27. The High Wire by William Haggard

This is something like the 5th or 6th Haggard I have read.  What a great discovery.  It's odd, because the only books of his I have found are these gorgeous green penguins from the 50s and 60s.  However, it turns out Haggard wrote almost 30 books going right into 1990, but I never see those later books.  I wonder if they didn't sell as well.

I would say The High Wire is one of the lesser of his books that I have read.  I kind of get the feeling he is trying for a love story as that is the narrative thread that holds together a somewhat disjointed plot.  The main actor here is Rex Hadley, recently divorced from a difficult woman (whose behaviour somehow held him back from fulfilling his full career potential as a managing engineer) is now promoted to take over the nationally important "Project A".  He is first given a week's vacation to settle down post-divorce and goes to Sestriere, a ski resort in the Italian alps.  There he meets a charming and louche aristocratic with an attractive woman who wine and dine him and he accidentally lets slip that he is now the boss of Project A.

He realizes his error the next day, and also sees the slip as a reminder that he has to tighten up his game.  However, it is enough for the aristocrat who then gets assigned to the British embassy where he sets up a blackmail play.  At the same time, his boss, Victor head of the secret service back in the enemy country (never named and not Russia) also is working with more direct action to get Hadley to talk.  Project A is only in its nascent stage, but the rumours are that it is based on a new concept that could revolutionize conventional warfare and tip the balance of power to the west.  Victor's boss is putting heavy pressure on him to find out what it is.

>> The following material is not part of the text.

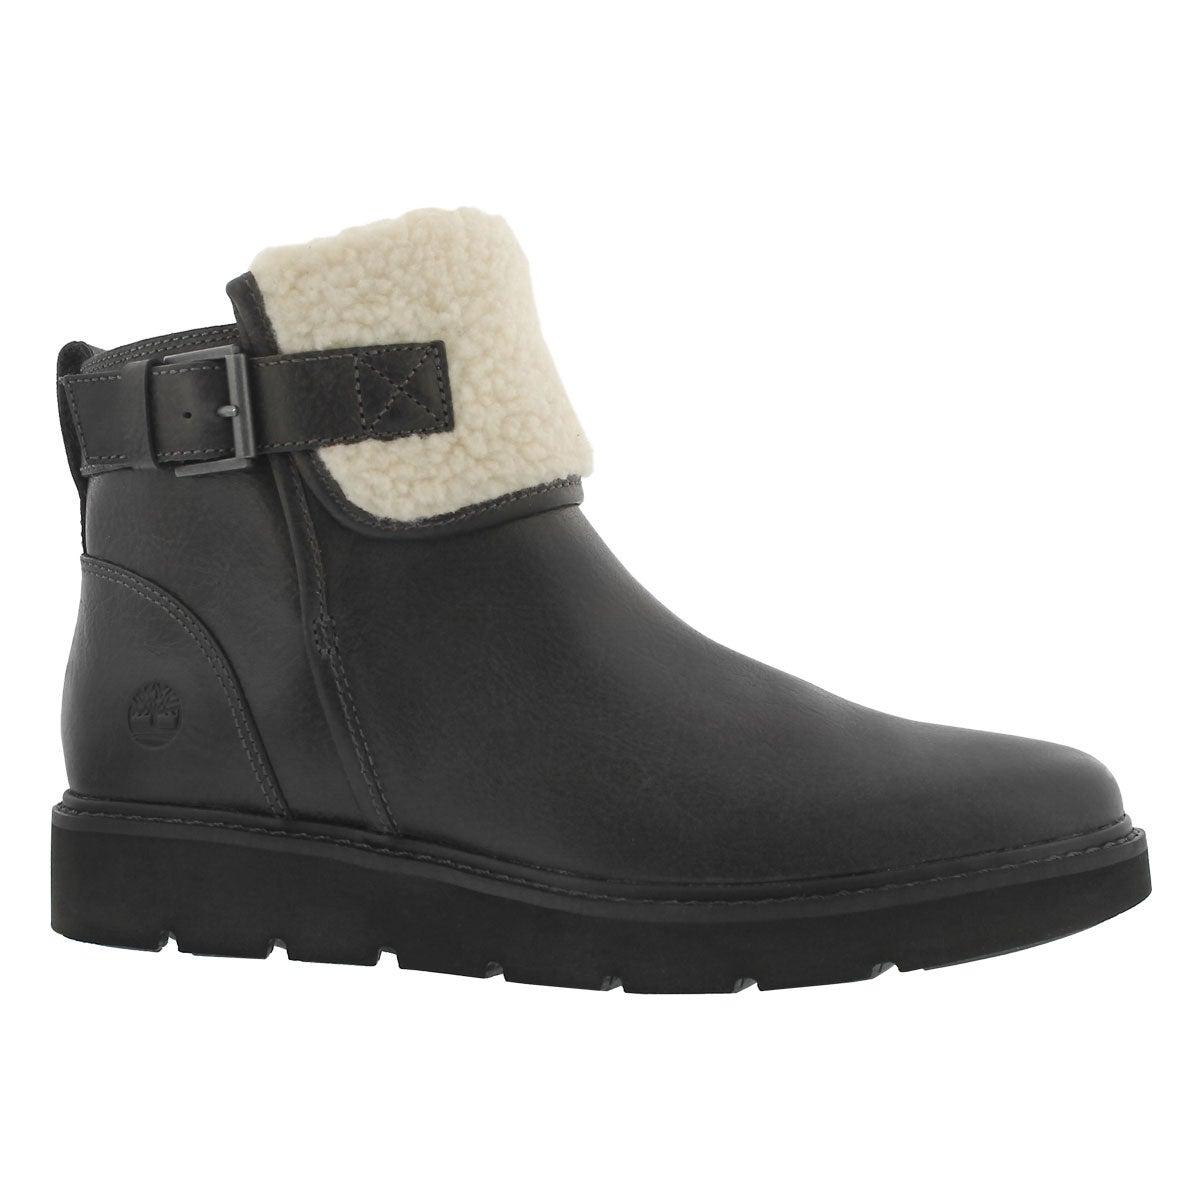 Women's KENNISTON dark grey slip on ankle boots

I say it is disjointed, but it's more that the book flows pretty evenly for the first two-thirds, seems to conclude and then has a new final act which involves Hadley now engaged to the woman he first met with the aristocrat back in Sestriere and though Victor and the aristocrats moves have been blocked, Victor comes himself for a final desperate play.  It involves commandeering a gondola (thus the title) to torture Hadley and get his info. I can't remember if Victor was a character in any of the earlier books and maybe that's why he gets this final chapter, but it felt tacked on.  There was more action than usual in this book including an attempted kidnapping via helicopter on english soil, with dogs attacking and a shootout. That was fun. So not my favourite Haggard but will look great next to the other green penguins on my shelf!